В комнате уже зажжены свечи и растоплена печь. Я скидываю сапоги, забираюсь на одну из верхних кроватей и укрываюсь одеялом. С непривычки ворочаюсь, пытаясь устроиться на мягкой постели, думаю, что нужно как-то сказать Кале о тихих землях, и незаметно для себя засыпаю.
Резко открываю глаза и вижу, как Туман тянется рукой к моему лицу. Отпрянув к стене, хочу оказаться еще дальше, но не могу. В колеблющемся свете огня его глаза еще мрачнее. От него волнами исходит ярость, будто палач снова окунает меня в ведро. Шрам на ладони зудит и ноет, напоминая о себе. Туман давит животной силой, воюет со мной, подчиняет. Что я сделала? Я же спала.

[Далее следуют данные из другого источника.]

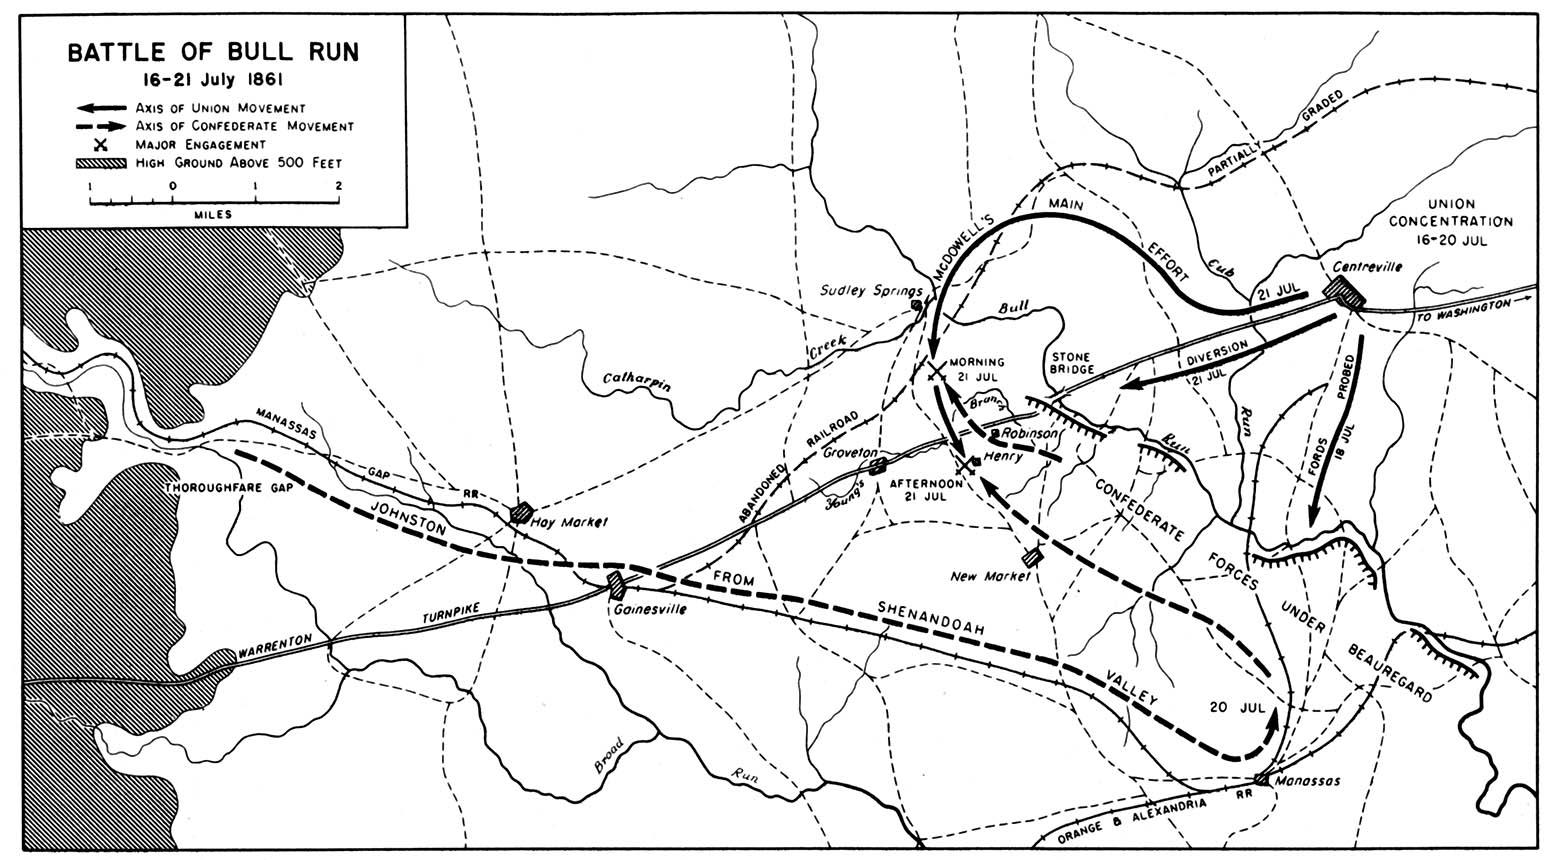 File:Battle of Bull Run map.png - Wikimedia Commons

— Выпей. — Он сует мне под нос бутылку с брагой. С радостью бы, но тогда Боги без труда залезут в мой разум.
— О чем договорились? — Я сажусь удобнее, не прикрываюсь одеялом, не выдаю своей уязвимости.
— Он проведет нас полпути, потом укажет направление. Ручается за безопасность перехода.
— Веришь в это?
— Нет, — качает головой Туман.
— Взамен?
— Он захочет тебя.
Так вот в чем моя вина, вот почему он зол.
— Но пока не сказал. Сговорились о плате по возвращению. Выпей. — Он оставляет бутылку на постели, проходит к печи, ворочает горящие угли, подкладывает еще. Садится на пол, смотрит перед собой. Руки сжаты в кулаки. Туман пьян, и это плохо.
— Выпей и верни бутылку, — зло говорит он. Я не собираюсь спорить, мне ни к чему лишний риск — вызывать приступ ярости или гнева. Я знаю, он сильнее. Он знает. Мы уже проверяли. Спрыгиваю с постели и протягиваю ему бутылку. Туман хватает меня за предплечье и резко дергает вниз на себя. Падая, успеваю присесть на одну ногу, чтобы с размаху не удариться лицом о его колени. Он ловит бутылку и сжимает пальцы на моей шее сзади, заставляя смотреть на него. Быстрый, зараза. Я упираюсь ладонью в лавку позади Тумана, другой ладонью хватаюсь за его руку на моей шее. Будто это хоть как-то его остановит.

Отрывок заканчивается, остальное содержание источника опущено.